▶ [Information shown]:
.....
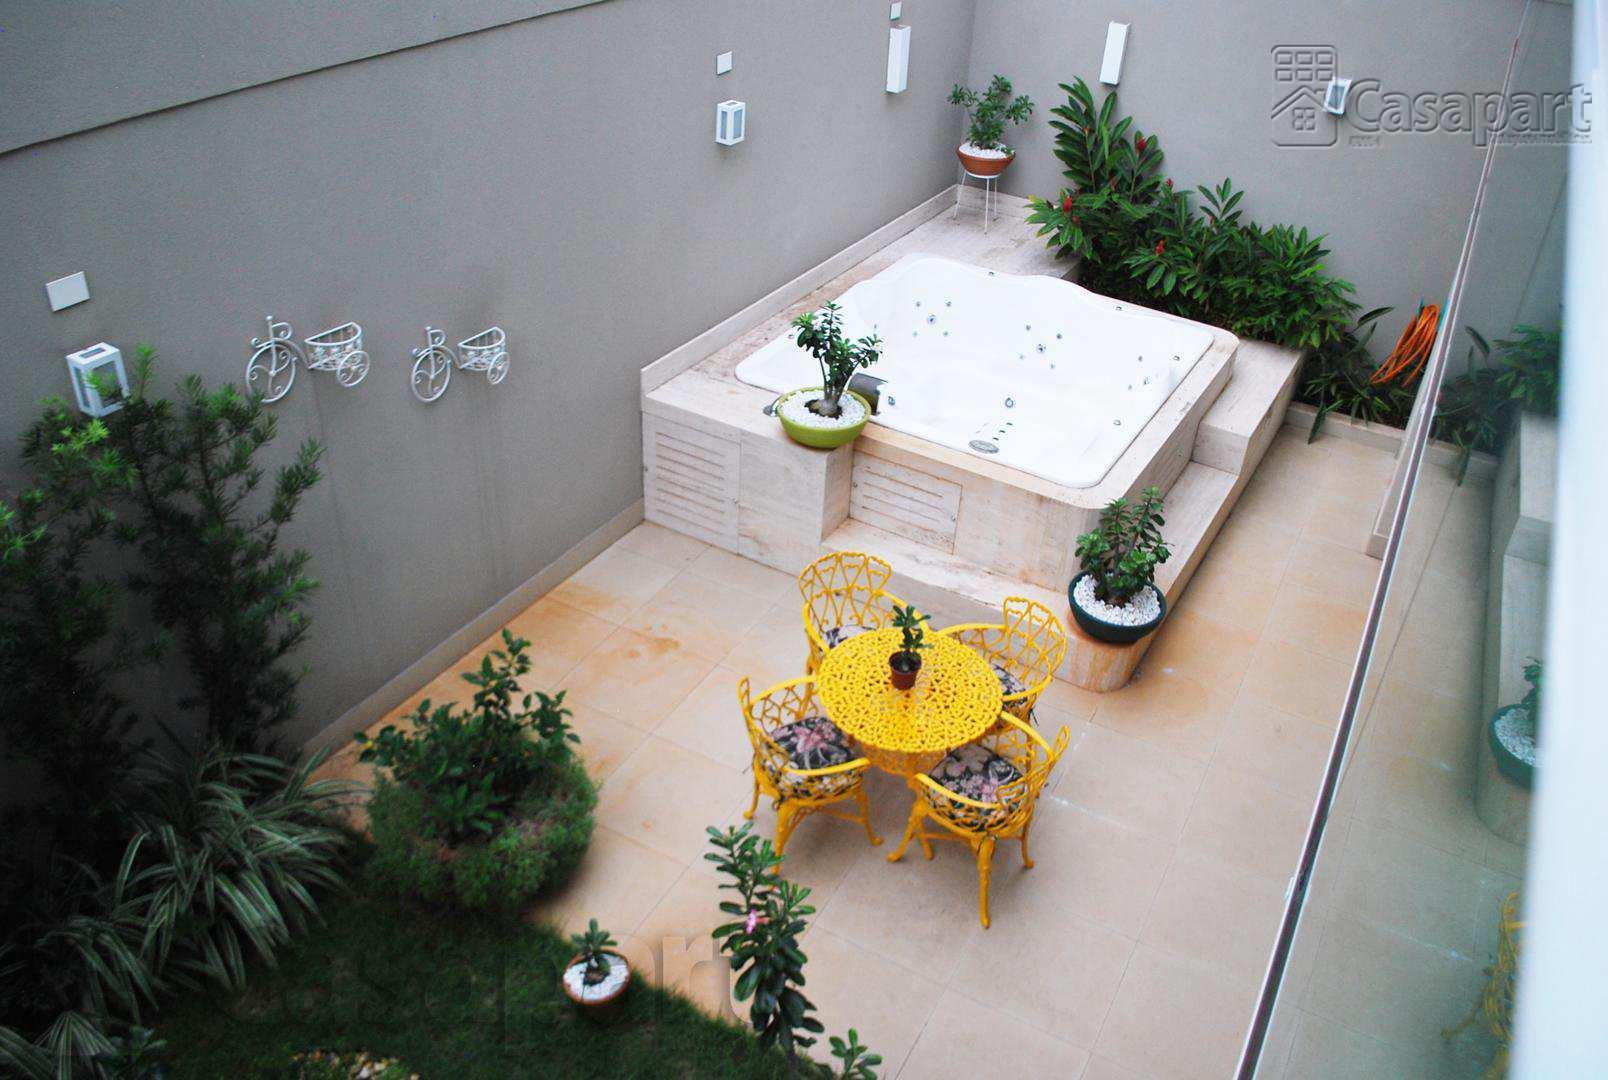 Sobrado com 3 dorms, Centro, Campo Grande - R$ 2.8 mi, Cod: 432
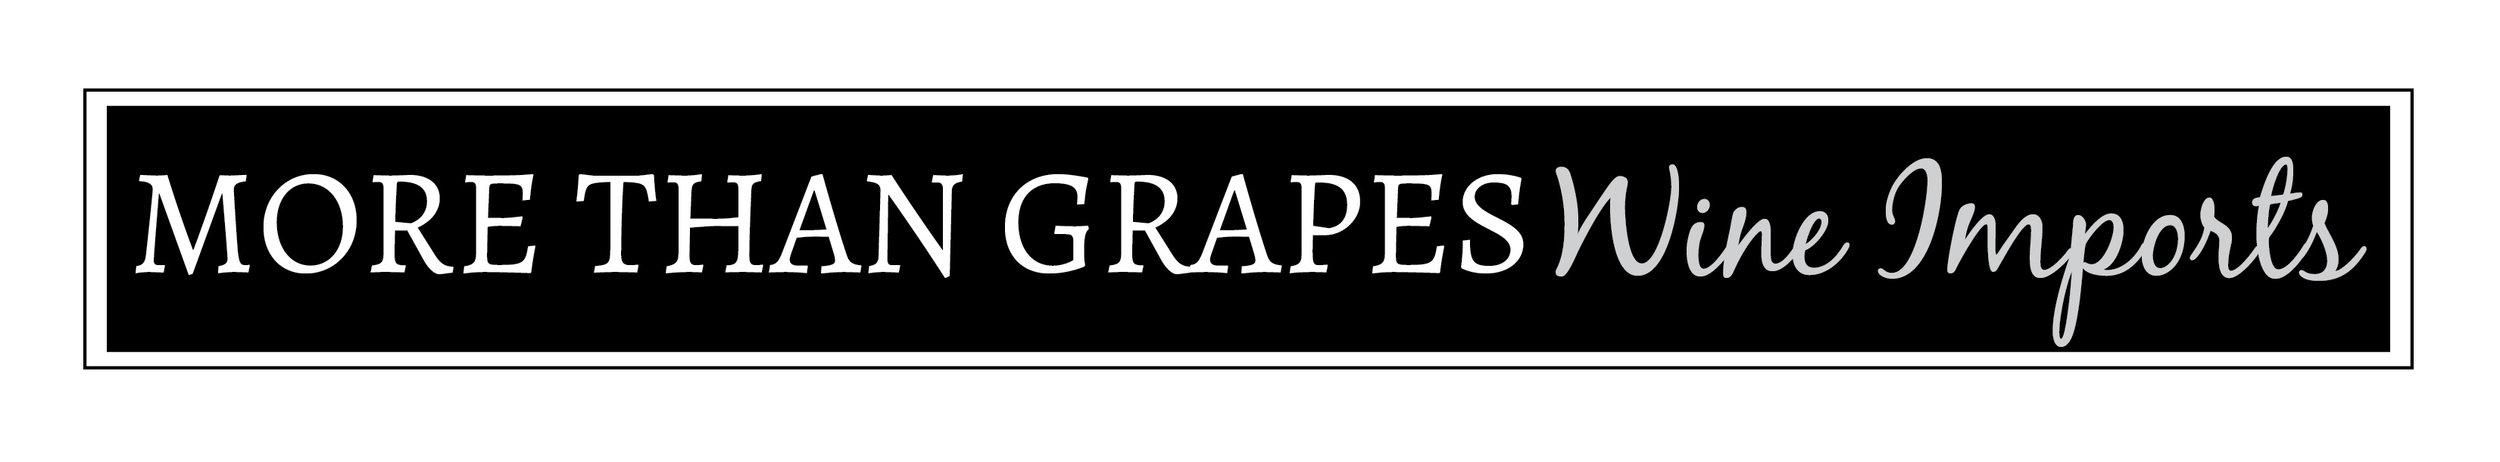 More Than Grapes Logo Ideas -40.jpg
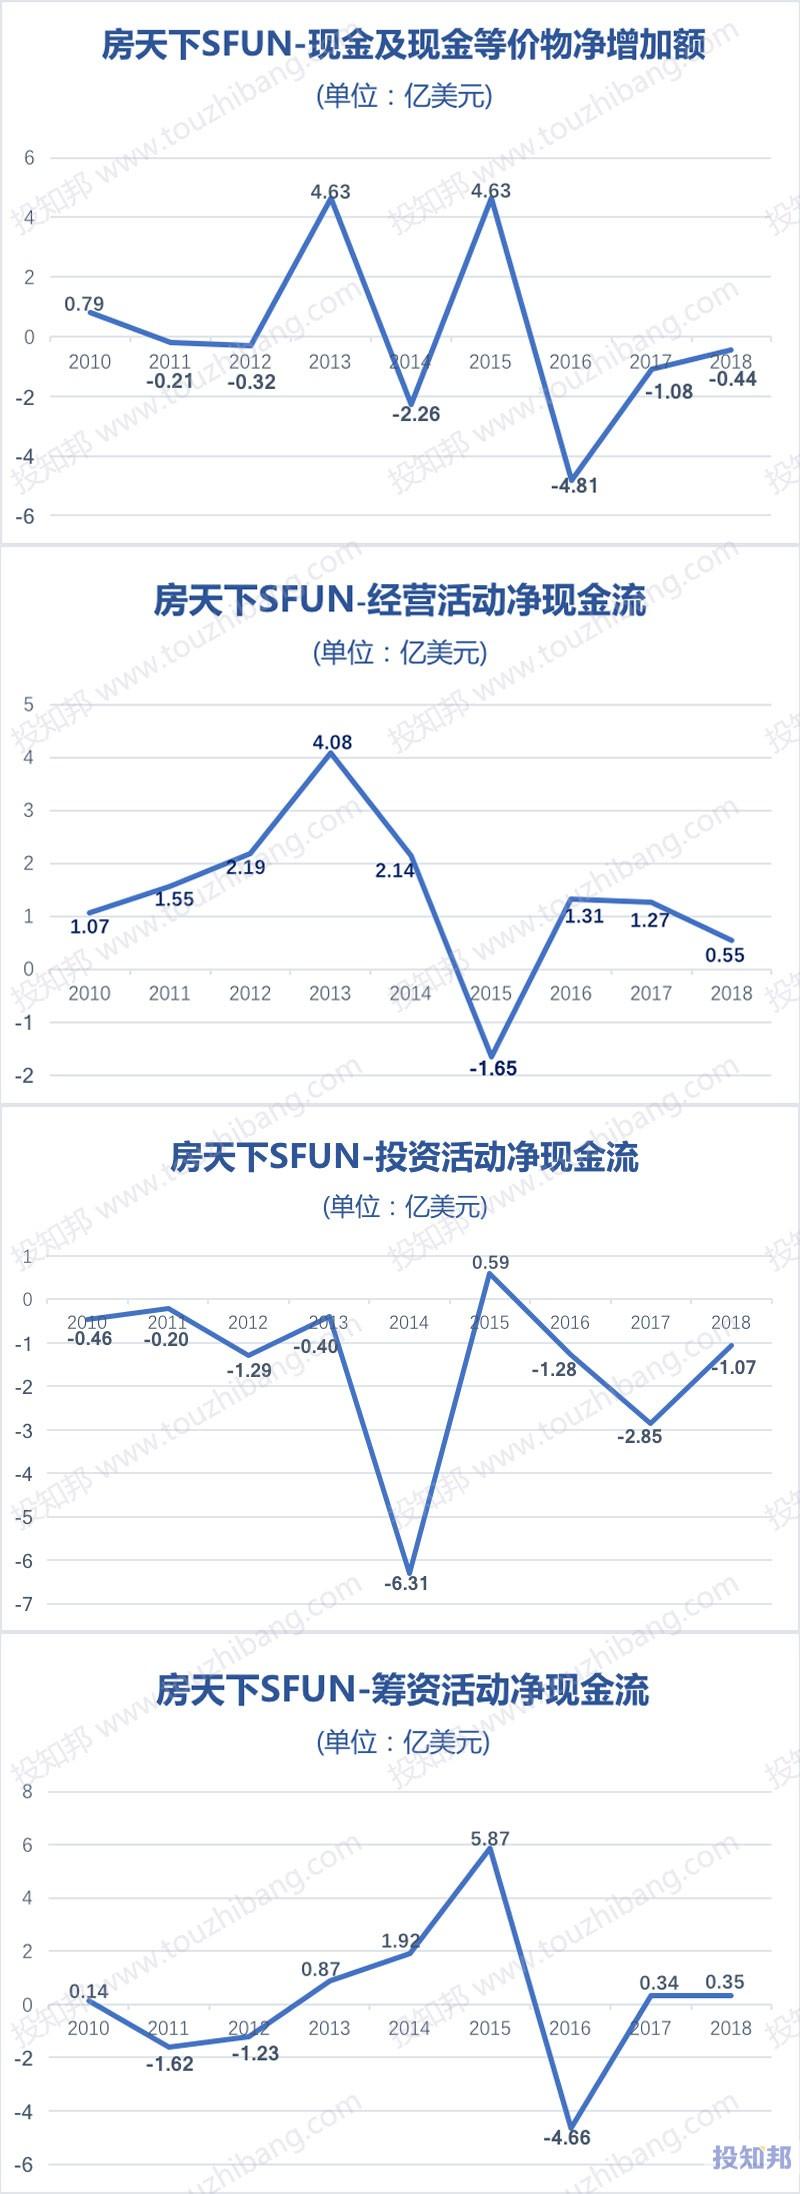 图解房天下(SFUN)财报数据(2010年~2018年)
.....
▶ [Directions]: Each line of the listing is to be retyped exactly, and its pictures are to be dropped.

▶ [Worked solution]:
 Sobrado com 3 dorms, Centro, Campo Grande - R$ 2.8 mi, Cod: 432
 More Than Grapes Logo Ideas -40.jpg
 图解房天下(SFUN)财报数据(2010年~2018年)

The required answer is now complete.